Thursday, September 1, 2011

Everybody's Protest Politics... Are Boring As F*ck

The "protest" novel, so far from being disturbing, is an accepted and comforting aspect of the American scene, ramifying that framework we believe to be so necessary. Whatever unsettling questions are raised are evanescent, titillating; remote, for this has nothing to do with us at all, it is safely ensconced in the social arena, where, indeed, it has nothing to do with anyone.
- James Baldwin from Notes Of A Native Son
Why do we need a permit from the police to protest the latest incidence of police brutality? Why did the press event that took weeks of planning and turning out people get only four lines on the last page of the local paper? Why do radical individuals or groups invest so much in campaigns pushing for liberal change? Or why the majority of nonprofits are funded by foundations with names like Rockefeller, Annenberg, Ford, Walton, Gates - the same rich white oligarchical "titans of industry" that they supposedly organize against?

The revolution will not be televised. It will not come with slogans and propaganda. People will not march down the street. And it is not coming through the ballot box or electoral college.


The current model of community organizing has run on the same treadmill for the past 30 years - and it's going nowhere. Over those 30 years, the racial wealth gap has grown exponentially, wars of aggression continue, and climate change brings increasingly devastating disasters. People are losing their homes and jobs; leaders are being jailed, co-opted, and assassinated; the roots of imperialism have grown so deep and so intertwined that people can no longer imagine a different kind of world.

Press conferences and protests are played out – Rupert Murdoch does not care about your two-hour police-controlled civil disobedience protest in the lobby of his London office (he was in Miami). Your politics are boring.

Community-based organizations still follow the Saul Alinsky-model of organizing to "building power strategically". Readily accepting and working with the system.
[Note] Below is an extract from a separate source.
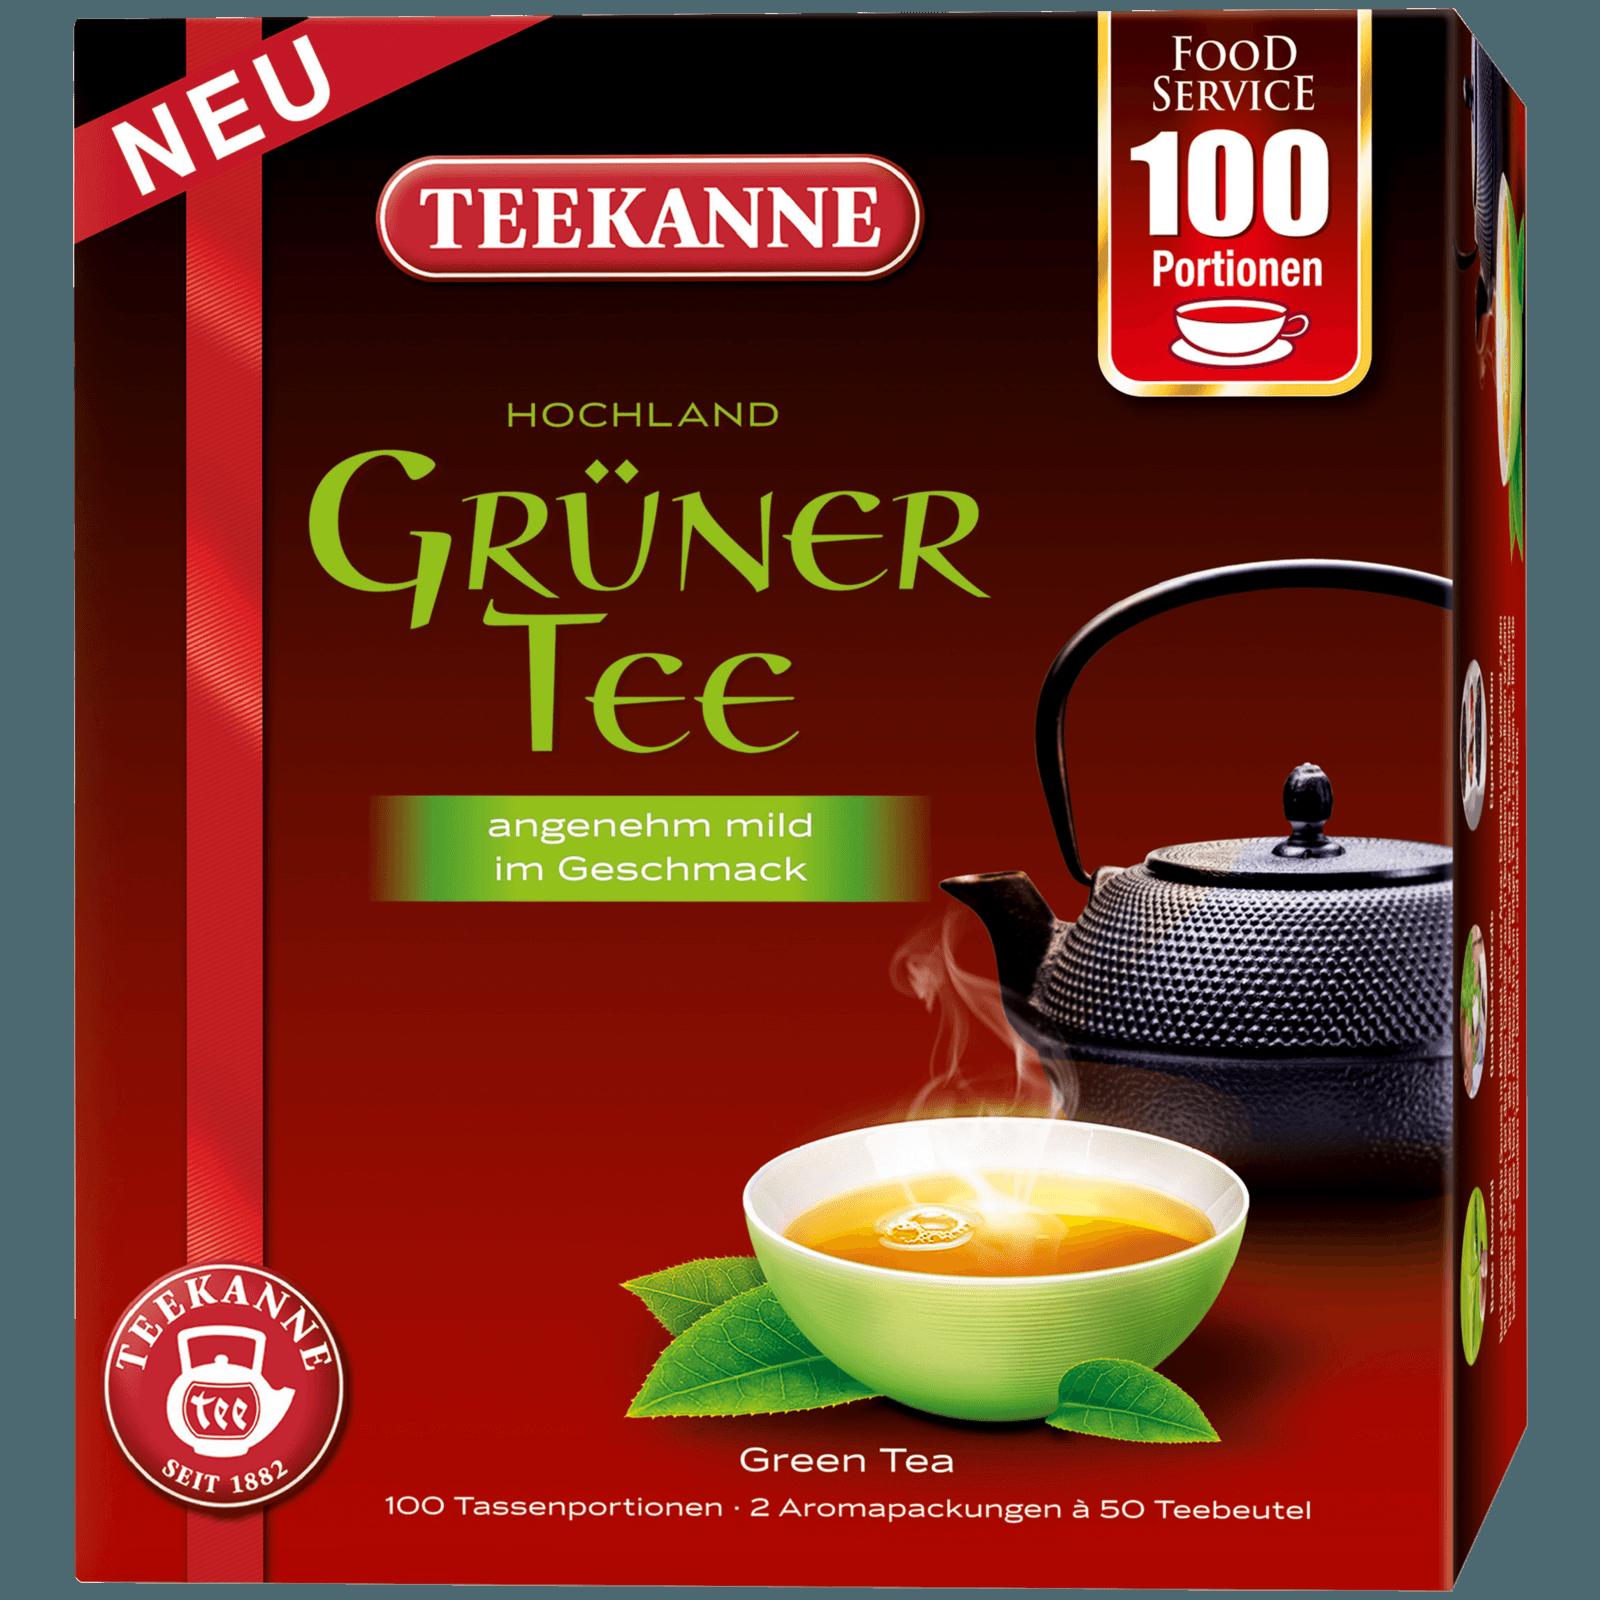 Teekanne Grüner Tee 150g, 100 Beutel

Working with an electoral campaign or drafting legislation with the hopes that bank/government/whatever-the-fuck accountability will bring about some real change this time around. Your politics are boring.

Organizers and activists are forced to aim for reform or short-term gains. To "save" a closing school - what about the public school system that is systematically failing poor students of color? Or to publicly shame a corrupt politician - what about the structure of electoral politics that allow organized money to push broad-scale political agendas? To put out fires but never to disarm the arsons. Your politics are boring.

(editor’s note: this is not to say short-term gains are not important - they are because oppressed people are forced to operate on survival mode directly because of structural conditions of concentrated power and wealth.)

It’s easy to point at problems. Most folks could wax about all the fuckery in the world. And many do, regularly. To criticize safely from the sidelines. But what does all of your analysis and critique build towards? Your politics are boring.

The difficult part is creating solutions, viable alternatives, liberated and liberative spaces. Solutions that provide for basic needs and rights – food, shelter, education, work, dignity – apart from the system. And in the process, (re)cultivating (re)creating and (re)building community. Models of such structures exist all about us, we just have to look for them.

The Zapatistas have liberated the state in Chiapas.



The Black Panther Party created the Free Breakfast For Children program.



Freedom schools have educated students all over the country for the past 50 years.



* * * * *

It's abundantly clear to me now that truly liberative organizing comes from the ability to bring folks together to build their own means of sustenance. The same old protest politics are going nowhere. The revolution we dream of is in our hands - it is our responsibility to create the world we need.

When there is no need for "the man" or the state; when we can disengage from capitalism or existing systems of oppression and domination; when we no longer need the system to take care of our needs; when we are no longer cogs in the matrix. Only then are we free, self-determined and autonomous.

Whether it means alternative food systems, collective housing, worker-owned cooperatives, freedom schools... the revolution of daily values and the building blocks of community. To hold our glass up to theirs rather than just merely call their glass dirty. This is the means by which we liberate ourselves and each other.